Description of Securities of IVP Technology Corporation

General

     The Company's authorized capital consists of 50,000,000 shares of common
stock, par value $.001 per share ("Common Stock"). At July 20, 2001, there were
outstanding 41,310,848 shares of Common Stock. Set forth below is a summary
description of certain provisions relating to the Company's capital stock
contained in its Articles of Incorporation and By-Laws and under the Nevada
Revised Statutes. The summary is qualified in its entirety by reference to the
Company's Articles of Incorporation and By-Laws and the Nevada corporation laws.

Common Stock

     Each outstanding share of Common Stock has one vote on all matters
requiring a vote of the stockholders. There is no right to cumulative voting;
thus, the holders of fifty percent or more of the shares outstanding can, if
they choose to do so, elect all of the directors. In the event of a voluntary or
involuntary liquidation, all stockholders are entitled to a pro rata
distribution after payment of liabilities and after provision has been made for
each class of stock, if any, having preference over the common stock. The
holders of the Common Stock have no preemptive rights with respect to future
offerings of shares of Common Stock. Holders of Common Stock are entitled to
dividends if, as and when declared by the Board out of the funds legally
available therefor. It is the Company's present intention to retain earnings, if
any, for use in its business. The payment of dividends on the Common Stock are,
therefore, unlikely in the foreseeable future.

     Registration Rights

     The Company has granted registration rights covering 2,500,000 shares of
common stock issued to Orchestral Corporation ("Orchestral"), the licensor of
PowerAudit software marketed by the Company.

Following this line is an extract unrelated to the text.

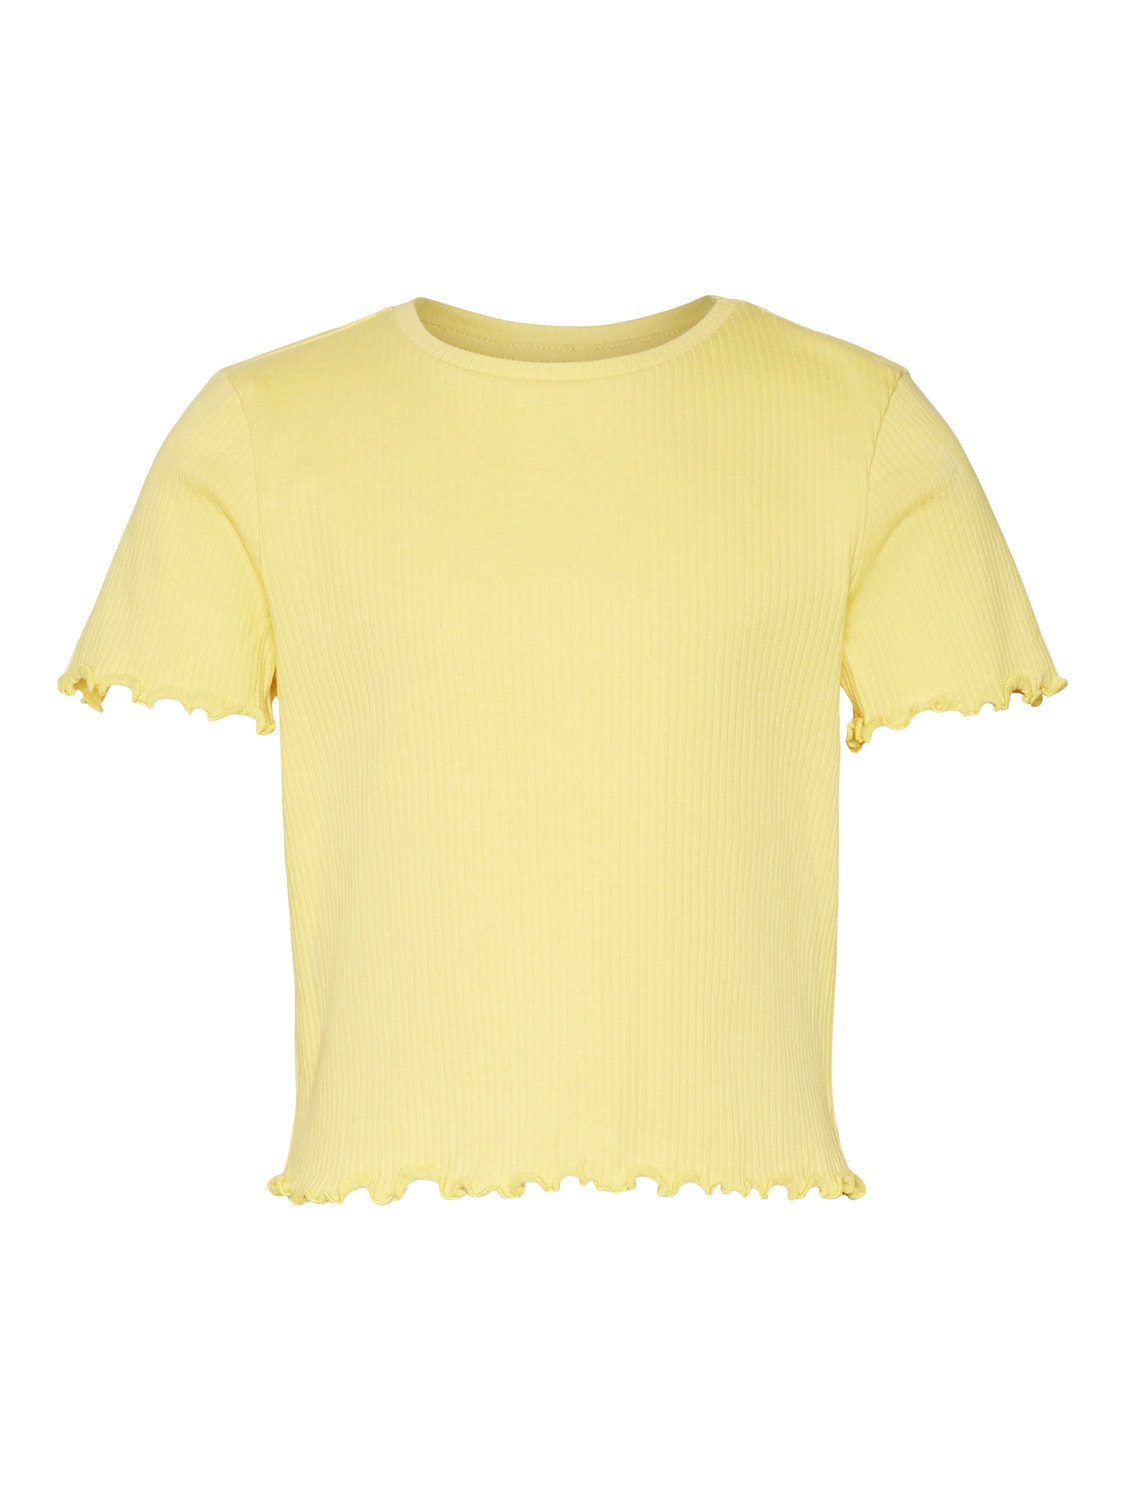 Vero Moda VMLAVENDER T-Shirt -Lemon Zest - 10285290

The Company agreed to file a
registration statement under the Securities Act of 1933 (the "Act") which
includes all of the shares of capital stock. The Company agreed to use its best
efforts to keep such registration statement continuously effective under the Act
until the date which is two years after the date that such registration
statement is declared effective by the Securities and Exchange Commission or
such earlier date when all shares covered by such registration statement have
been sold or may be sold without volume restrictions pursuant to the Act.
Orchestral has made any demand for the Company to file the registration
statement nor has nor has it threatened any action in connection with the
Company's failure to file said registration statement.

     Transfer Agent

     The Transfer Agent for the Common Stock is Pacific Stock Transfer Company
located at P.O. Box 93385, Las Vegas, Nevada 89193-3385.